Дисциплина в самоконтроле может легко зайти слишком далеко. Она может вполне подавить благодушный поток души. Она может превратить податливые натуры в искажения и чудовищства. Она может породить фанатизм, воспитать лицемерие или притупить привязанности. Будь добродетель сколь угодно благородной, у нее есть свой аналог и подделка. Мы должны признать в каждой добродетели ее собственное положительное превосходство и следовать ее положительному идеалу, а идеал самоограничения — держать наш ум ровным, как мы выражаемся, или, заимствуя греческий термин, достичь состояния «эвтюмии», которое Демокрит называл высшим благом.
Вершина самоконтроля достигается и лучше всего иллюстрируется в первом из двух институтов, которые мы сейчас представим; а именно,
ИНСТИТУТЫ САМОУБИЙСТВА И ВОЗМЕЗДИЯ,
о которых (первый известен как харакири, а второй как катаки-ути) многие иностранные писатели рассуждали более или менее полно.
Начиная с самоубийства, позвольте мне заявить, что я ограничиваю свои наблюдения только сэппуку или каппуку, популярно известным как харакири, что означает самосожжение путем вспарывания живота. «Вспарывание живота? Как абсурдно!» — так кричат те, для кого это название ново. Как бы абсурдно странно это ни звучало поначалу для иностранных ушей, это не может быть таким уж чуждым для студентов Шекспира, который вкладывает эти слова в уста Брута: «Твой (Цезаря) дух бродит повсюду и превращает наши мечи в наши собственные внутренности». Послушайте современного английского поэта, который в своем «Свете Азии» говорит о мече, пронзающем внутренности королевы: никто не винит его за плохой английский или нарушение скромности. Или, чтобы привести еще один пример, посмотрите на картину Гверчино о смерти Катона в Палаццо Росса в Генуе. Тот, кто читал лебединую песню, которую Аддисон заставляет петь Катона, не будет насмехаться над мечом, наполовину погруженным в его живот. В наших умах этот способ смерти связан с примерами благороднейших дел и самого трогательного пафоса, так что ничто отталкивающее, тем более смехотворное, не портит наше представление о нем. Так чудесна преобразующая сила добродетели, величия, нежности, что самая подлая форма смерти обретает возвышенность и становится символом новой жизни, иначе — знак, который увидел Константин, не покорил бы мир!

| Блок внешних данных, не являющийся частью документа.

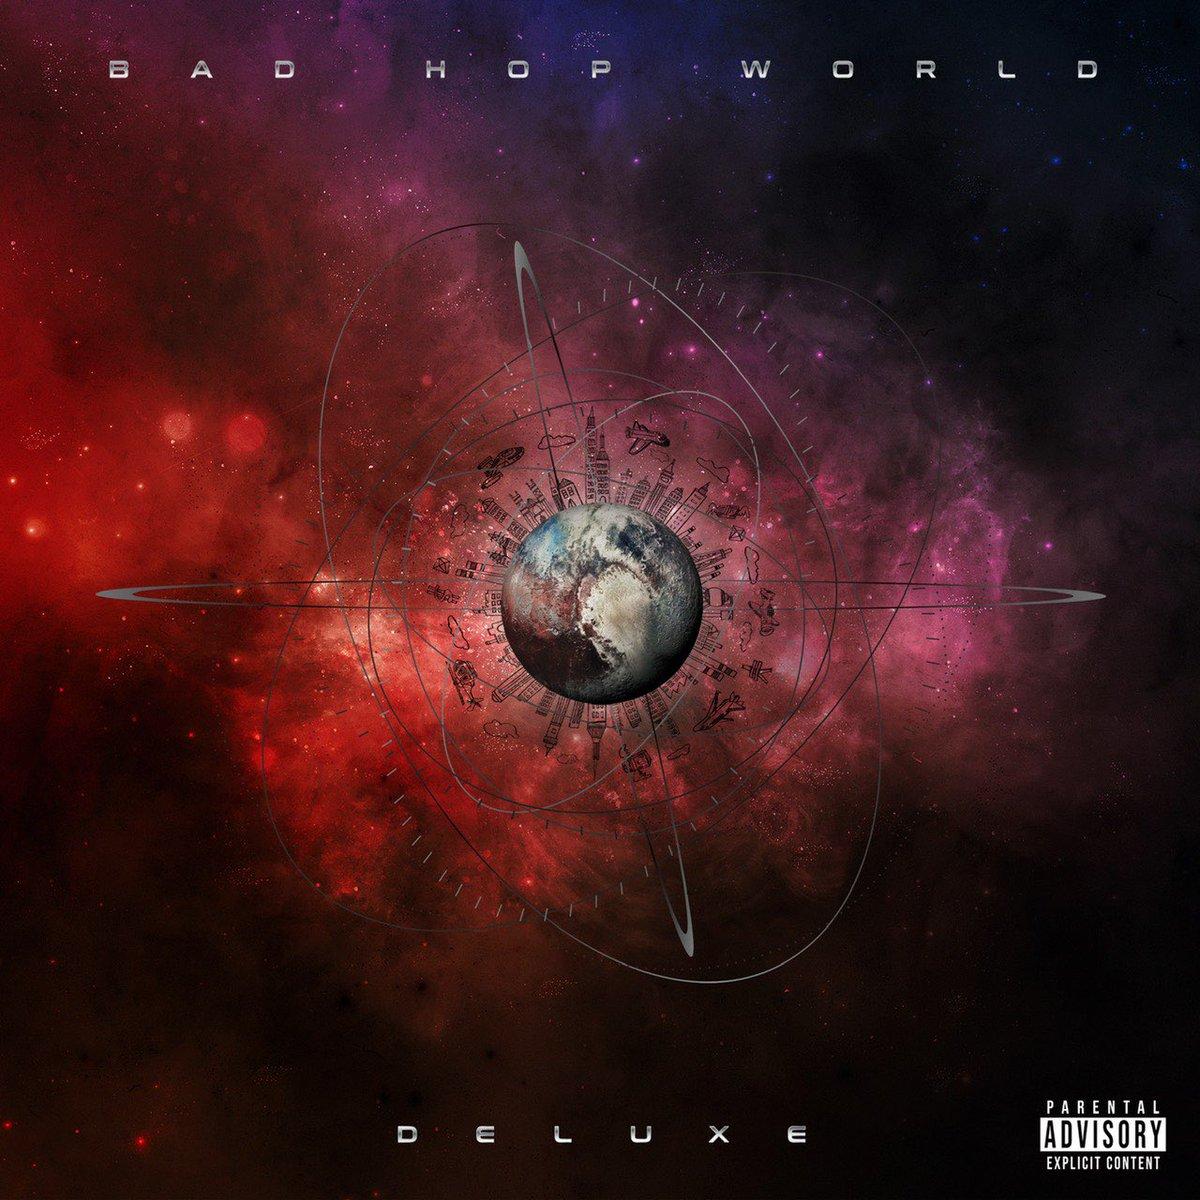 『BAD HOP - No Melody feat. Benjazzy, Leon Fanourakis, Hezron & T-Pablow 歌詞』収録の『BAD HOP WORLD DELUXE』ジャケット

Не только из-за посторонних ассоциаций сэппуку теряет в нашем сознании какой-либо налет абсурдности; ибо выбор этой конкретной части тела для операции основывался на старом анатомическом убеждении относительно места души и привязанностей. Когда Моисей писал о том, как «внутренности Иосифа воспламенились любовью к брату его», или Давид молил Господа не забывать его внутренности, или когда Исаия, Иеремия и другие вдохновенные люди древности говорили о «звучании» или «волнении» внутренностей, они все и каждый подтверждали веру, распространенную среди японцев, что в животе заключена душа. Семиты обычно говорили о печени, почках и окружающем жире как о месте эмоций и жизни. Термин «хара» был более всеобъемлющим, чем греческий «френ» или «тюмос», и японцы, и эллины одинаково думали, что дух человека обитает где-то в этой области. Такое понятие отнюдь не ограничивается народами древности. Французы, несмотря на теорию, выдвинутую одним из их самых выдающихся философов, Декартом, о том, что душа расположена в шишковидной железе, все еще настаивают на использовании термина «ventre» в смысле, который, если анатомически слишком расплывчат, тем не менее физиологически значим. Точно так же «entrailles» означает в их языке привязанность и сострадание. И такая вера не является простым суеверием, будучи более научной, чем общая идея делать сердце центром чувств. Не спрашивая монаха, японцы знали лучше Ромео, «в какой подлой части этой анатомии обитает имя человека». Современные неврологи говорят о брюшном и тазовом мозге, обозначая тем самым симпатические нервные центры в тех частях, которые сильно подвержены любому психическому действию. Как только этот взгляд на ментальную физиологию принят, силлогизм сэппуку легко построить. «Я открою место своей души и покажу вам, как оно поживает. Посмотрите сами, загрязнено оно или чисто».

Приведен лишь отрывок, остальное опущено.